- Supreme Court of the United States

Argued April 20, 1994 Decided June 24, 1994
- Full case name: Honda Motor Company, Ltd., et al., Petitioners v. Karl L. Oberg
- Citations: 512 U.S. 415 (more) 114 S. Ct. 2331; 129 L. Ed. 2d 336; 1994 U.S. LEXIS 4825; 62 U.S.L.W. 4627; CCH Prod. Liab. Rep. ¶ 13,895; 94 Cal. Daily Op. Service 4761; 94 Daily Journal DAR 8844; 8 Fla. L. Weekly Fed. S 341

Holding
- Oregon's 1910 state constitutional amendment prohibiting a judicial review of jury awards violates the Due Process Clause of the Fourteenth Amendment.

Court membership
- Chief Justice William Rehnquist Associate Justices Harry Blackmun · John P. Stevens Sandra Day O'Connor · Antonin Scalia Anthony Kennedy · David Souter Clarence Thomas · Ruth Bader Ginsburg

Case opinions
- Majority: Stevens, joined by Blackmun, O'Connor, Scalia, Kennedy, Souter, Thomas
- Concurrence: Scalia
- Dissent: Ginsburg, joined by Rehnquist

Laws applied
- U.S. Const. amend. XIV

= Honda Motor Co. v. Oberg =

Honda Motor Company v.
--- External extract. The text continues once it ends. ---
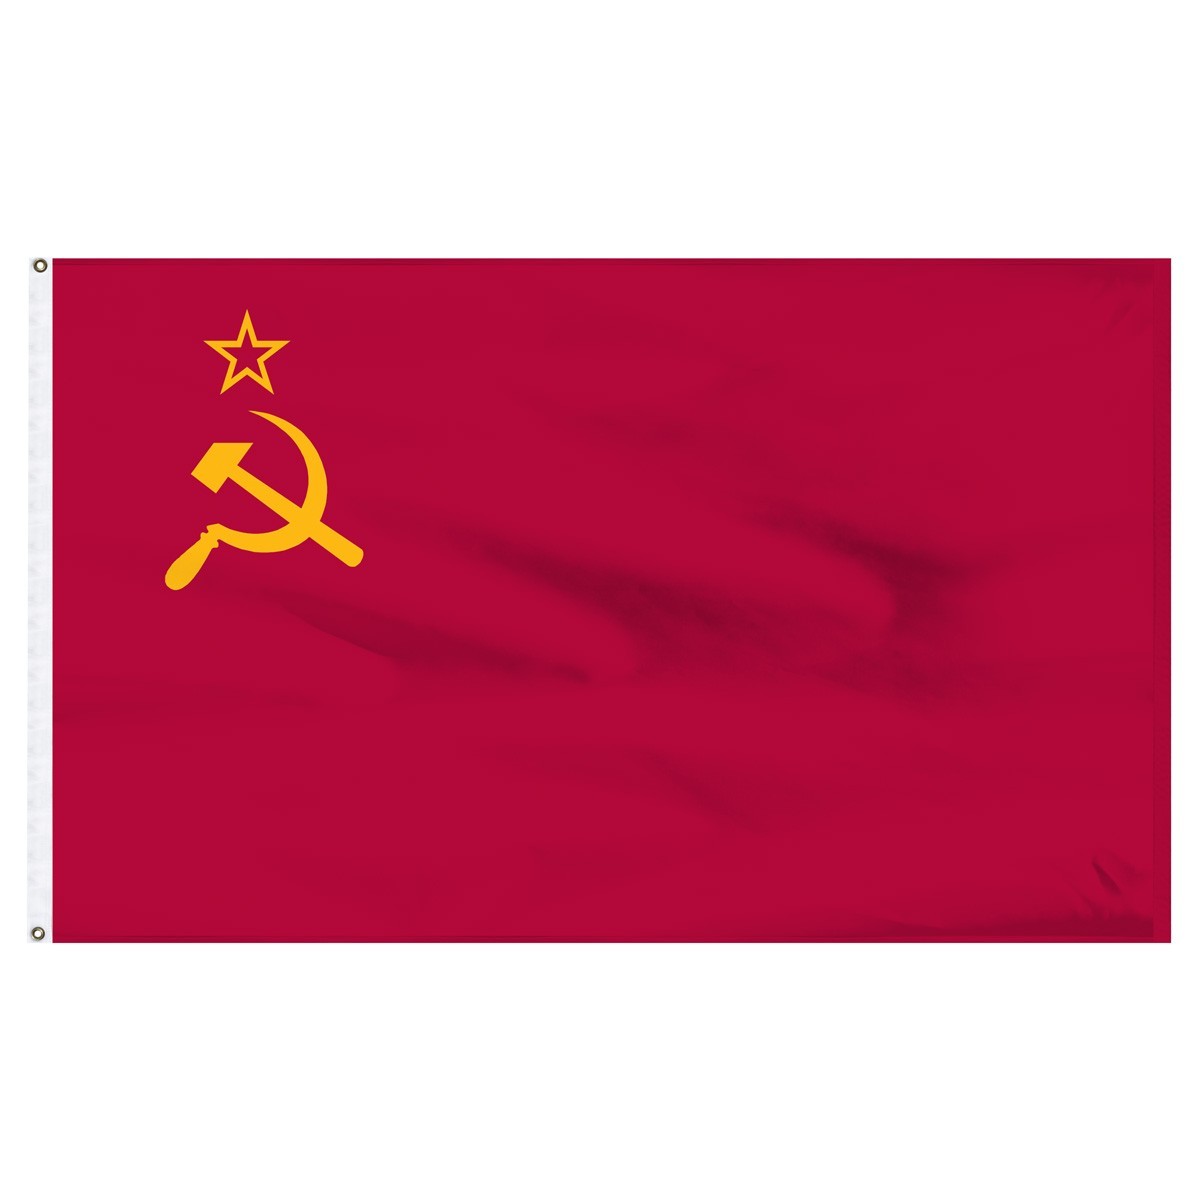 USSR 3ft x 5ft Outdoor Nylon Flag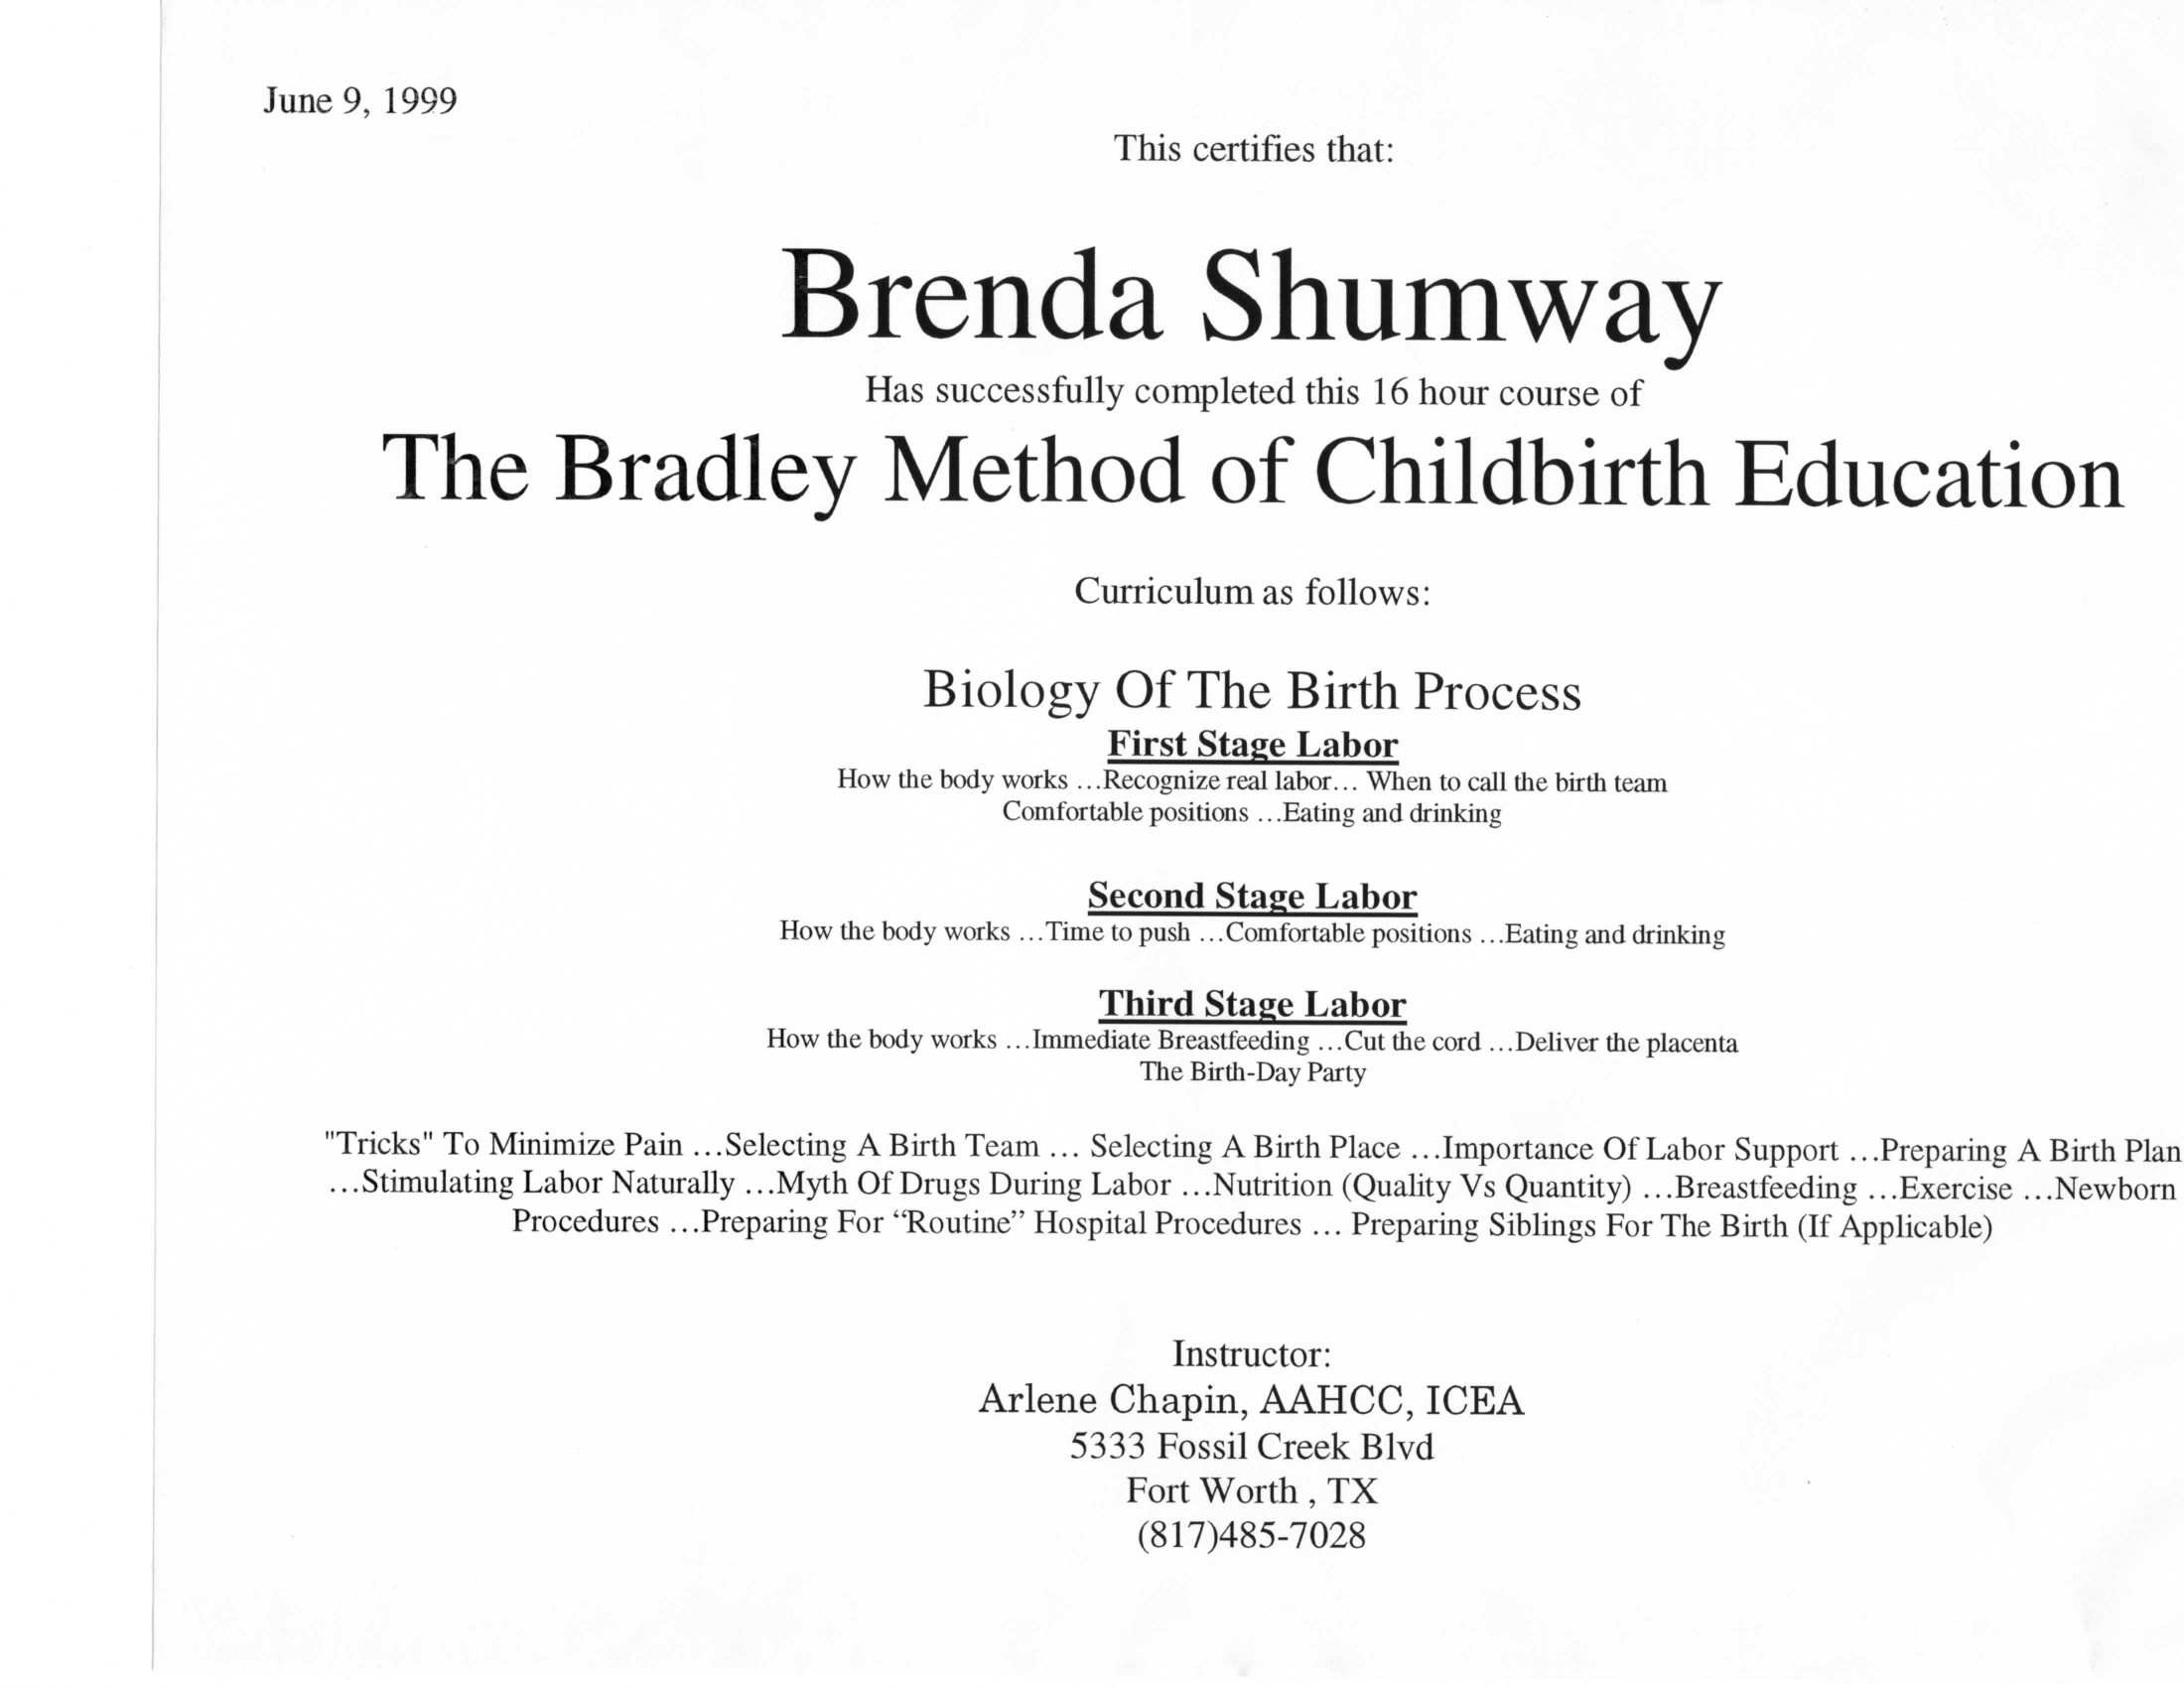 Bradley Certificate June 9 1999-1.png

Oberg, 512 U.S. 415 (1994), was a United States Supreme Court case in which the Court held that an amendment to the Oregon state constitution disallowing judicial review of the size of punitive damages was a violation of due process.

==Decision==
In a products liability action, Honda was found liable for injuries received by the plaintiff in an ATV accident. Honda was liable for a $5 million punitive damage award, and both the state appellate court and the Oregon Supreme Court declined to review the award for excessiveness based on an amendment to the Oregon constitution. The Supreme Court of United States held that the amendment to the Oregon constitution violated due process. The Court held that judicial review of punitive damage awards for excessiveness was a long-standing common law tradition that was critical in protecting against arbitrary deprivations of property, and that Oregon had not instituted a substitute procedure to maintain these protections.